Experiment No. 2: mapping

Listening to Soft Cell’s Memorabilia. Mapping out the concept of a memorial.

…It is a relative of monument, runs in the same league, belongs to this system that aims to structure time, systematise history and past, to organise memory…

m e m o r y

What is the purpose of a monument or a memorial? Is it a site of rememberance, re-memberance… a site for revisiting memories?
But whose memories? Whose memoirs?
The Memorial to Women in Times of War was initiated by veterans’ organisations and by the families of the fallen.
Their memories? The artists’ memories? Wartime women’s memories? Nation’s memories? Collective memories?

If one considers memory as the ability to remember, is a memorial then a tool for remembering? Is it’s function to activate memory?
Certain memories perhaps? Questions of authorship rise again.

f o r g e t f u l n e s s

Would it help if I looked into the other direction, into the other end of the memory. What does it mean to forget?
Moment when something falls into indifference, negligence, something slips out of memory, turns into amnesia…into mundane, into something that doesn’t rise above, doesn’t transcend…?

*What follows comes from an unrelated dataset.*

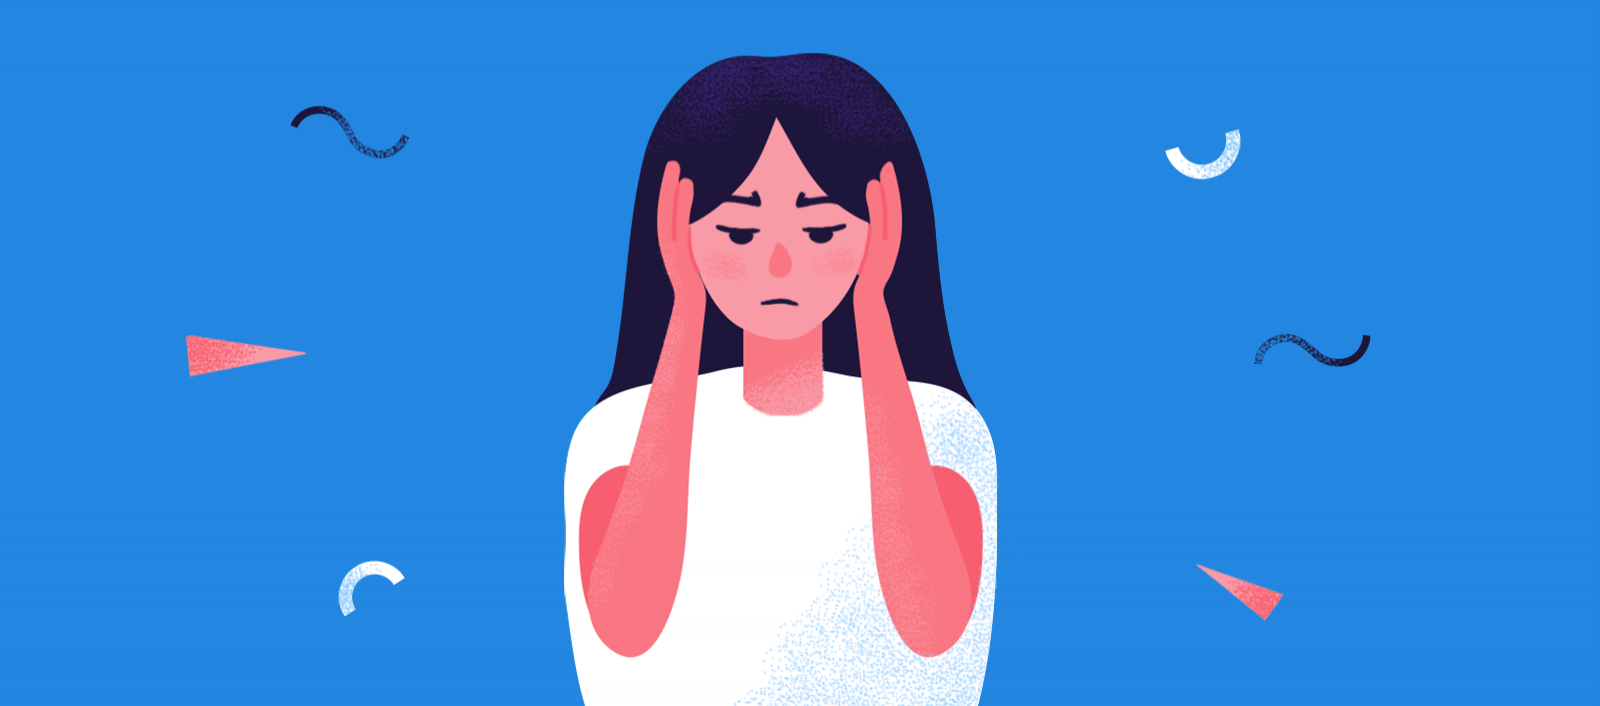 焦虑导致下巴疼痛时该怎么办

Monuments as p a r t i c l e s
How to remember women in times of war? (it is interesting how this English translation somehow activates the memorial, brings it into present tense, whereas the Finnish version Sodanajan naisen muistomerkki, takes it back to past.) The wars are not over yet.

For years I’ve passed this memorial without noticing it. I have not seen it.
How can something that is so monumental disappear, blend into the everyday? What does a monument do when it is invisible?

If memory is something that is already in the past, is the event of the memorial always in the past? Are monuments and memorials components that function and work in the past, or rather are they particles that work with the past. Are they stable, stationary and always still? Or do they, just by existing travel between times, decades, spaces, places and mindsets?

Heikki Häiväoja: Memorial for Women in Times of War, 1996. Picture taken on Mother’s Day 2016, Selina Väliheikki.

 

monument
noun
1 a stone monument was built to mark the site: memorial; statue, pillar, column, obelisk, cross; cairn, dolmen, cromlech, monolith, megalith, henge, stone circle; cenotaph, tomb, mausoleum, shrine, sepulchre, reliquary; Buddhism chorten.

2 a monument of granite was placed over the grave: gravestone, headstone, tombstone.

3 the restored airfield is a monument to a past era of aviation | a musical work which is an astonishing monument of skill and industry: testament, record, reminder, remembrance, memorial, commemoration, witness, token; example, exemplar, model, archetype, pattern, nonpareil, paragon.
Source: Thesaurus Dictionary

monument |ˈmɒnjʊm(ə)nt|
noun
a statue, building, or other structure erected to commemorate a notable person or event. a simple stone monument marked the nearby crash site. a monument to Magellan is in the main square of the city.

• a statue or other structure placed over a grave in memory of the dead. a handsome monument of granite is placed over the grave.

• a building, structure, or site that is of historical importance or interest: the amphitheatre is one of the many Greek monuments in Sicily.

• an enduring and memorable example of something: recordings that are a monument to the art of playing the piano.

ORIGIN Middle English (denoting a burial place): via French from Latin monumentum, from monere ‘remind’.